Information =
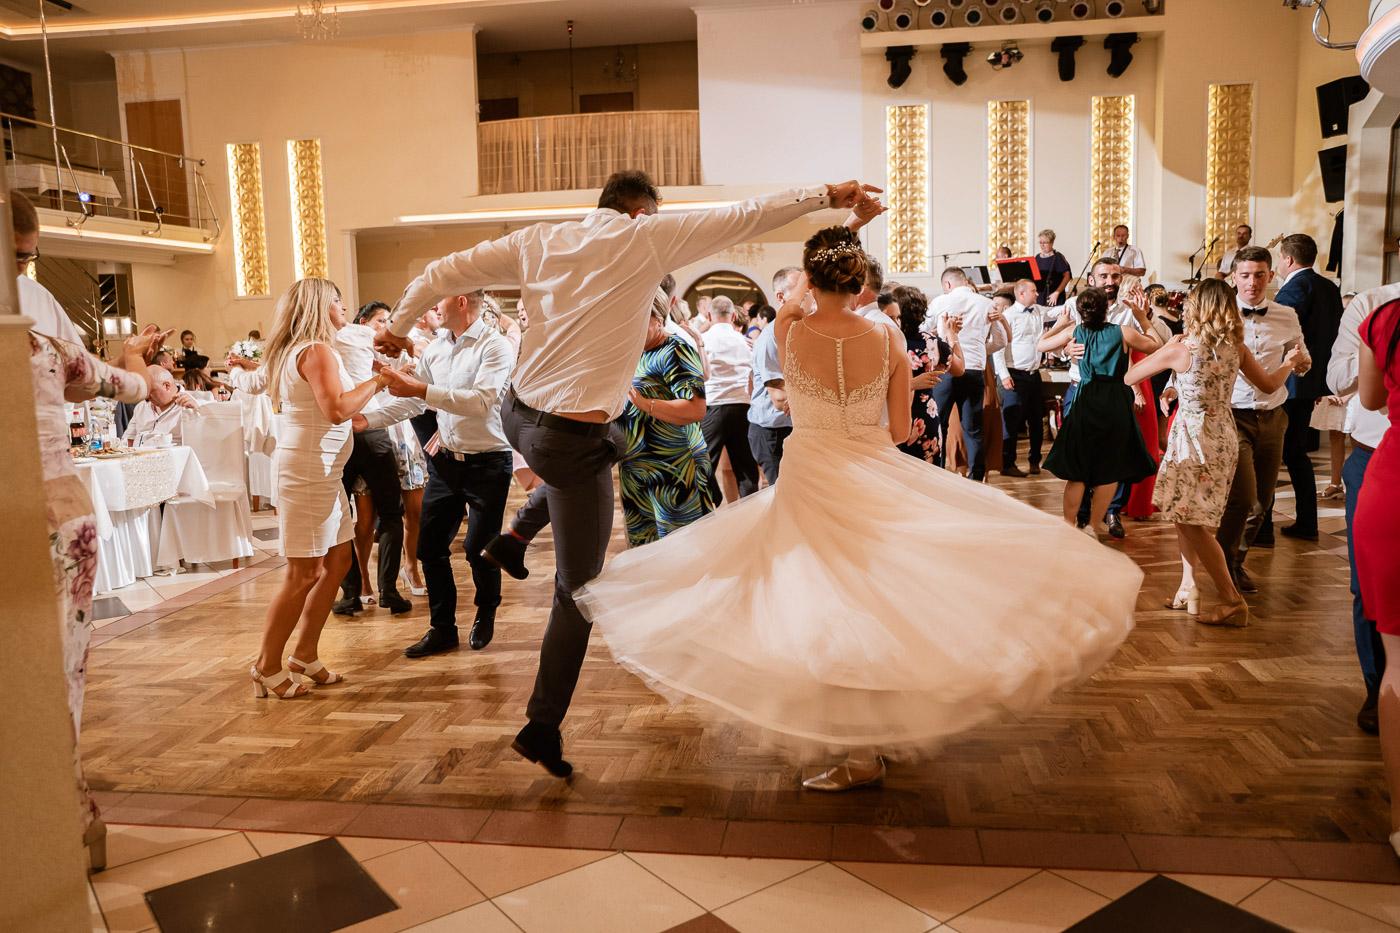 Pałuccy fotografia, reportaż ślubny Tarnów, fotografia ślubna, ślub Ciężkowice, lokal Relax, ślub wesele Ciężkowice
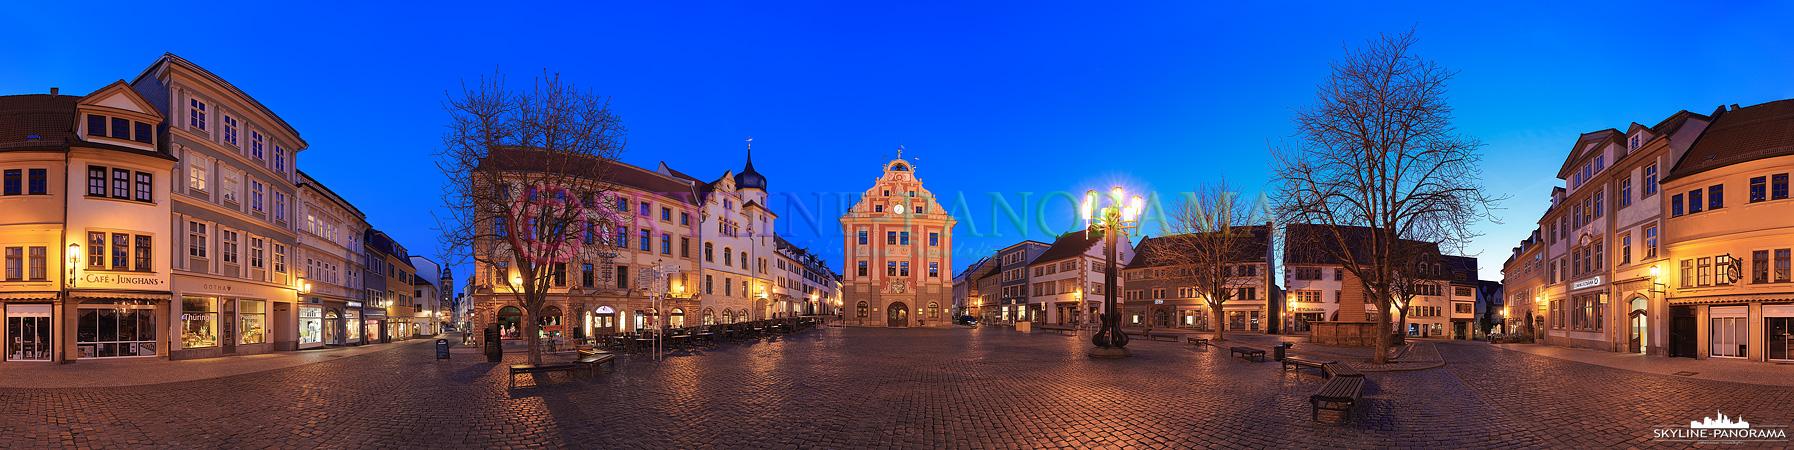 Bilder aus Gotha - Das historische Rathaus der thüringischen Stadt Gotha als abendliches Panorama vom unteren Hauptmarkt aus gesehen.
---
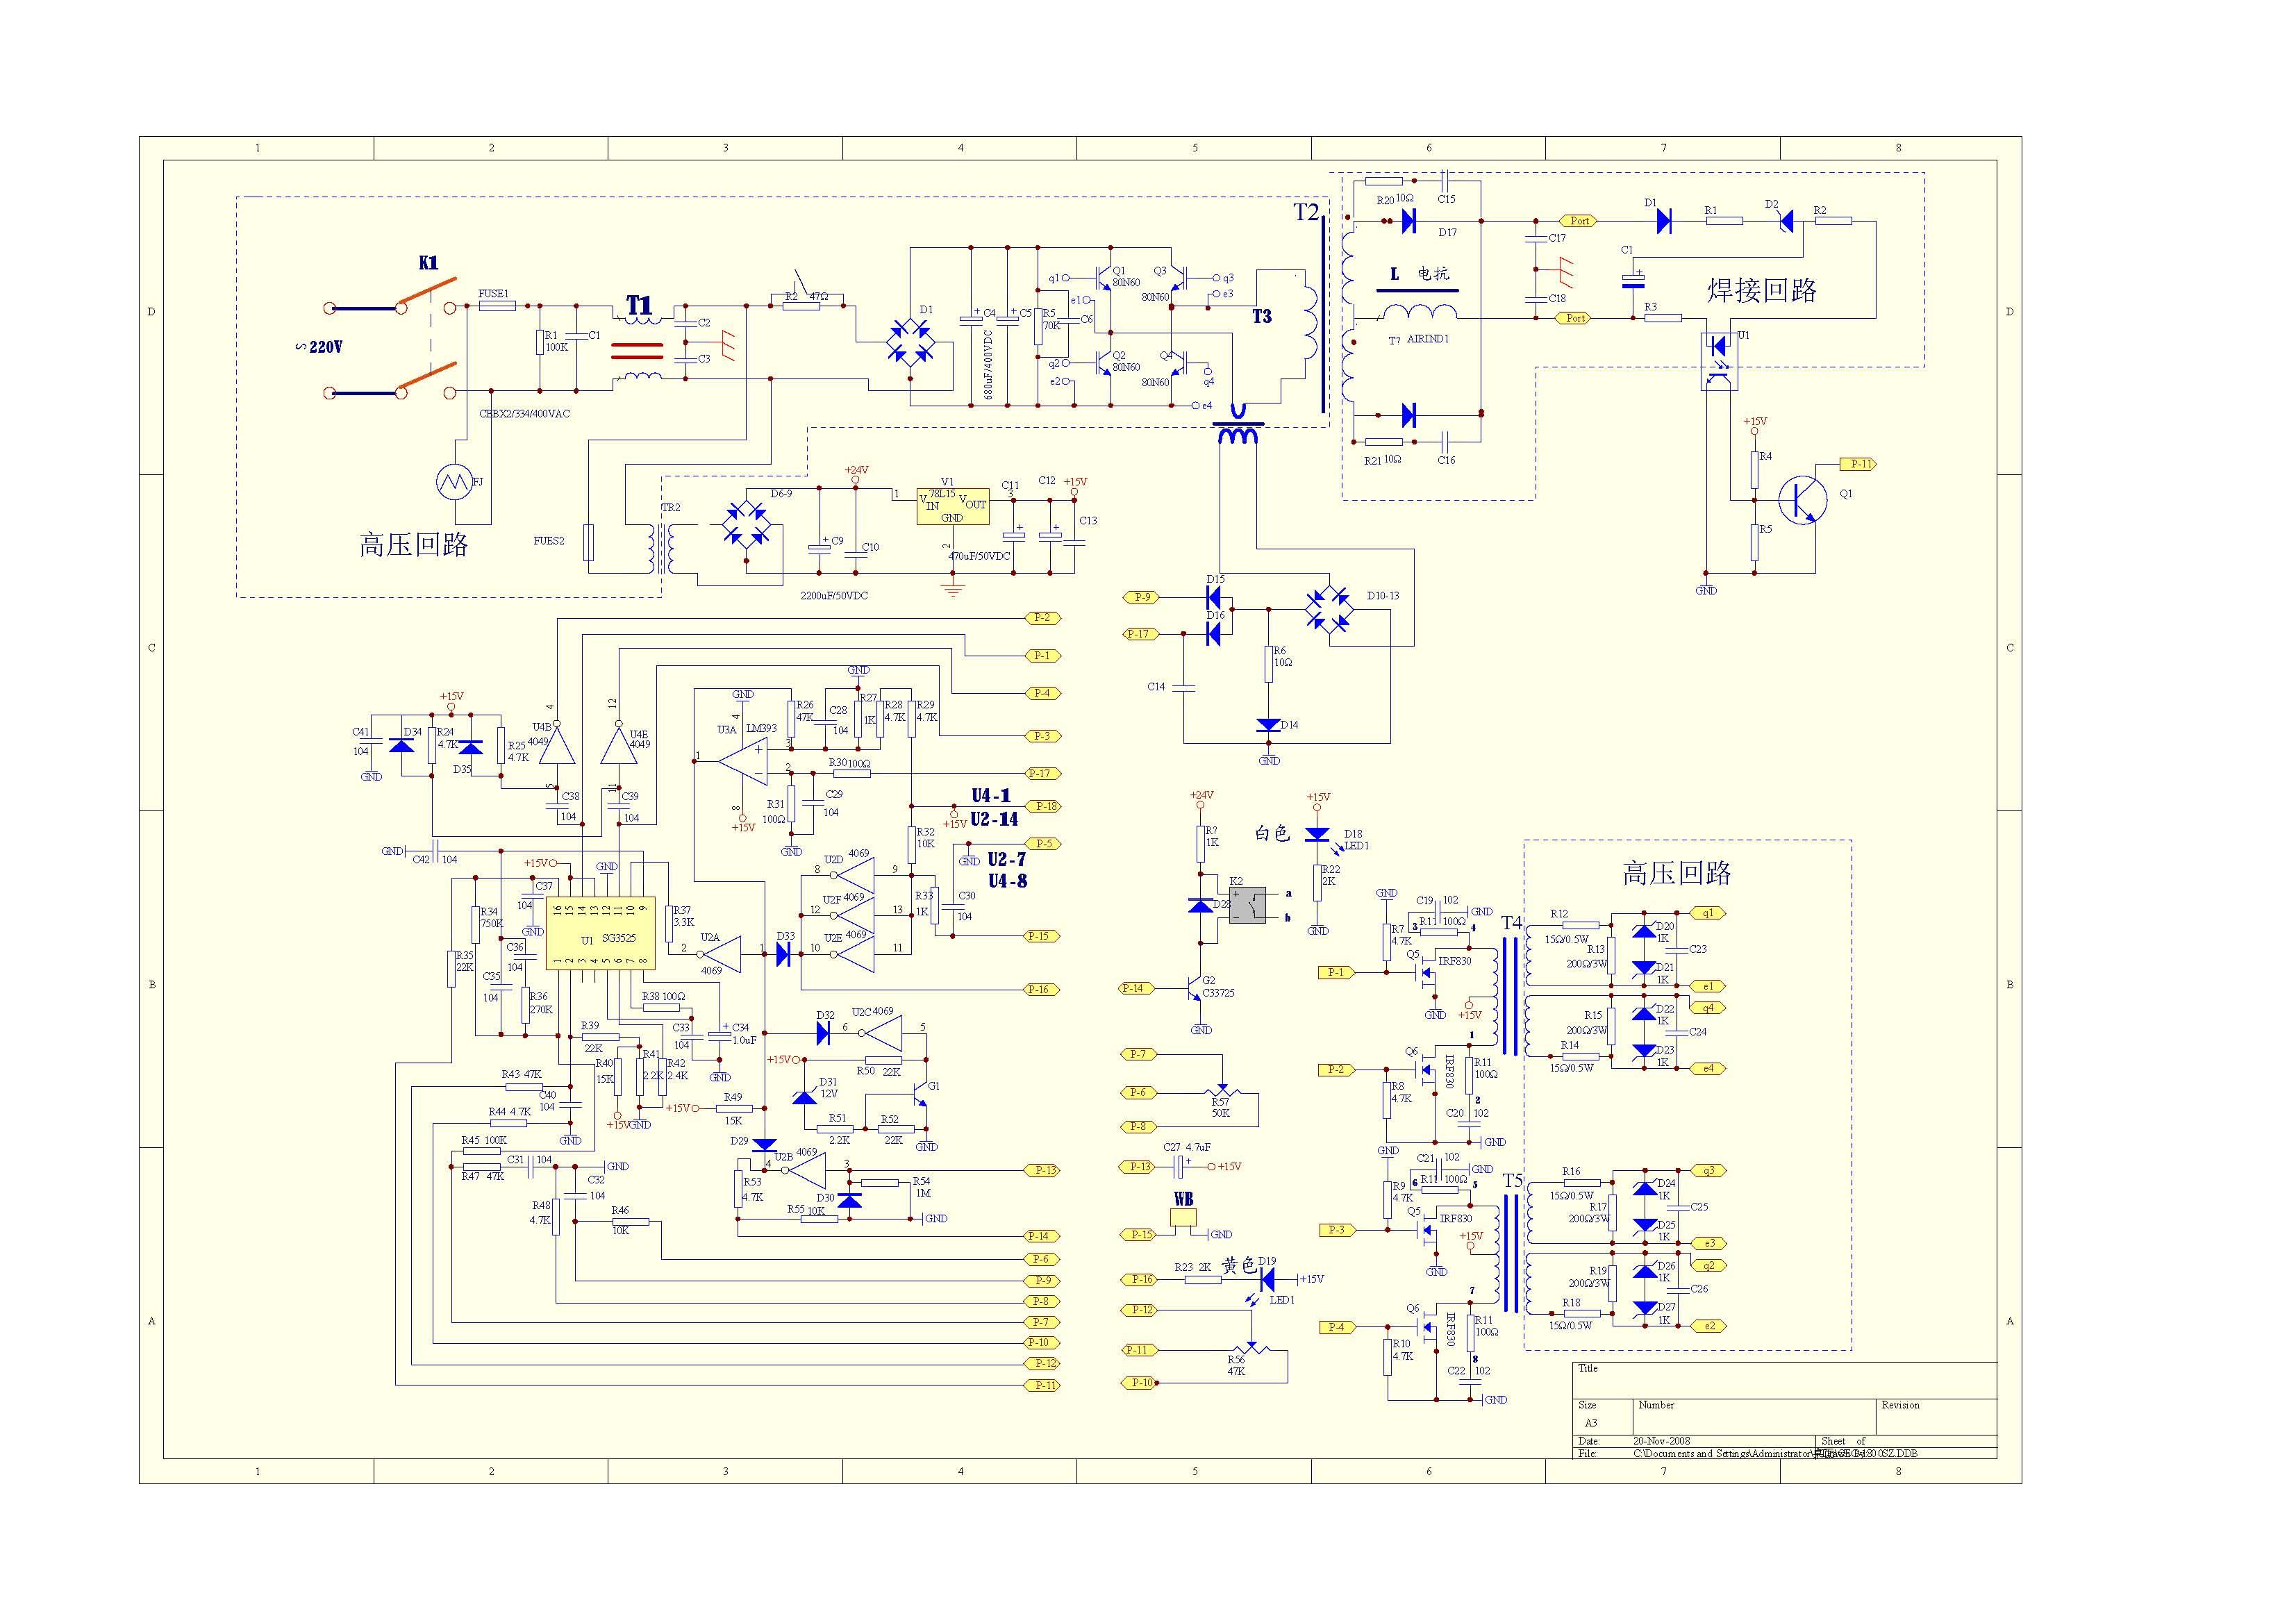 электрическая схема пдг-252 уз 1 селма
...
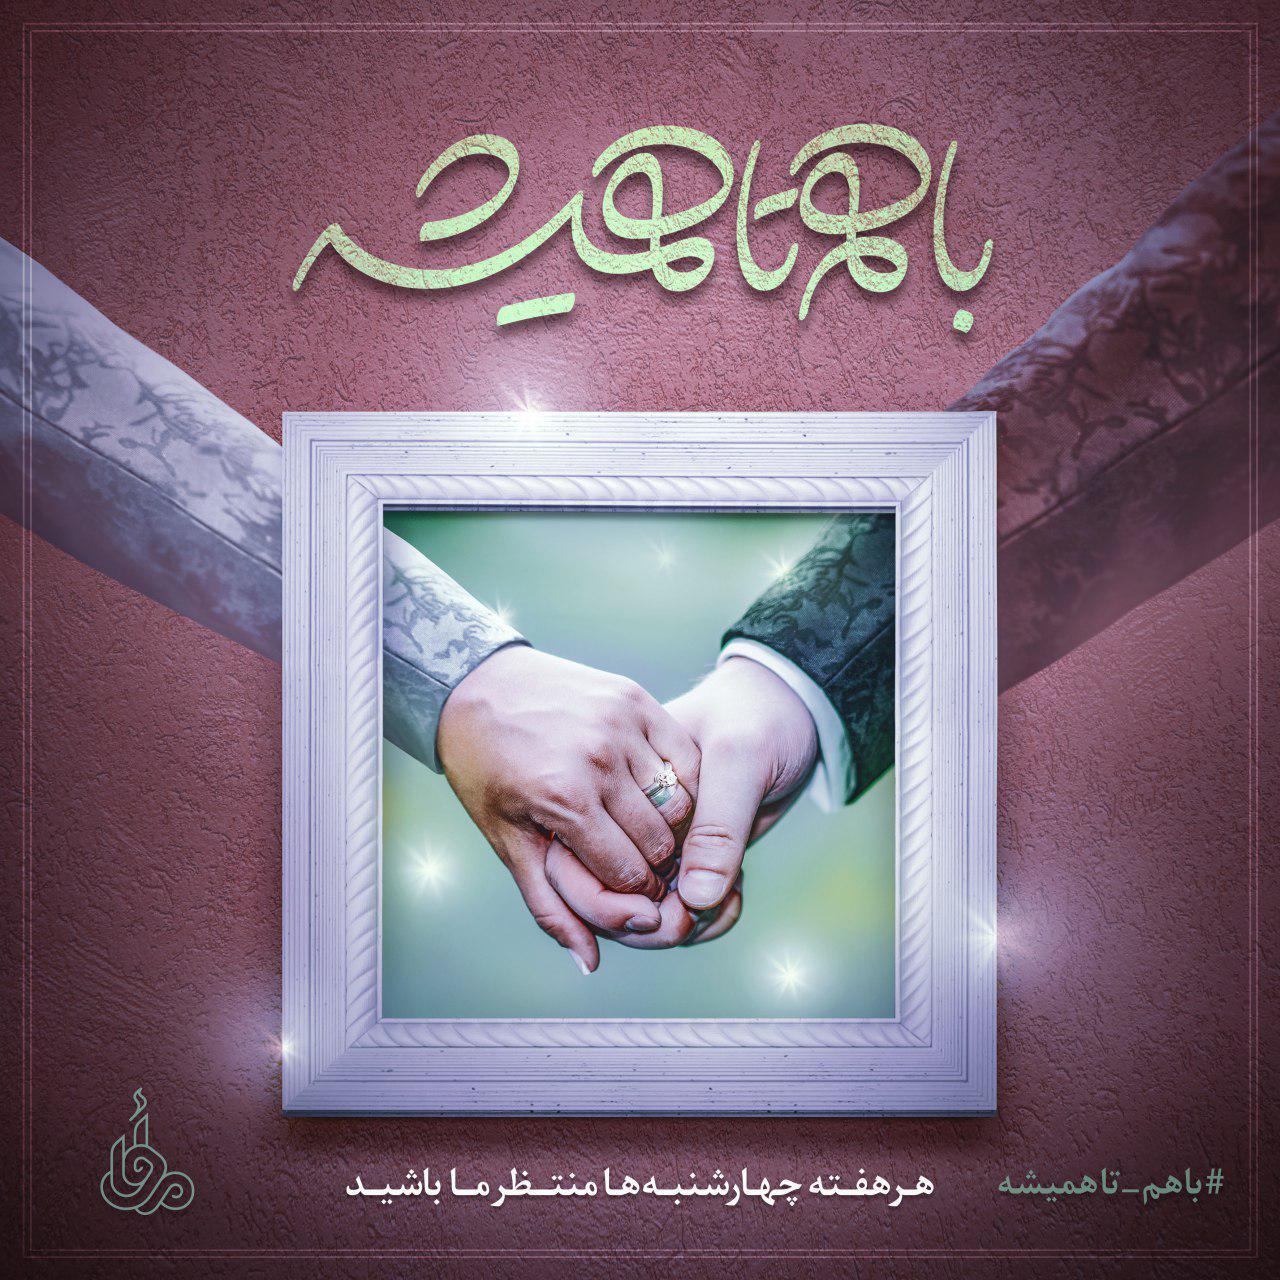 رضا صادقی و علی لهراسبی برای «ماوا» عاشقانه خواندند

Task brief = Transcribe exactly the lines above, beginning at the one with "Pałuccy fotografia, reportaż" and going up to and including the one with "Bilder aus Gotha". Pictures do not belong in the copy.

Solution to this exercise =
 Pałuccy fotografia, reportaż ślubny Tarnów, fotografia ślubna, ślub Ciężkowice, lokal Relax, ślub wesele Ciężkowice
 Bilder aus Gotha - Das historische Rathaus der thüringischen Stadt Gotha als abendliches Panorama vom unteren Hauptmarkt aus gesehen.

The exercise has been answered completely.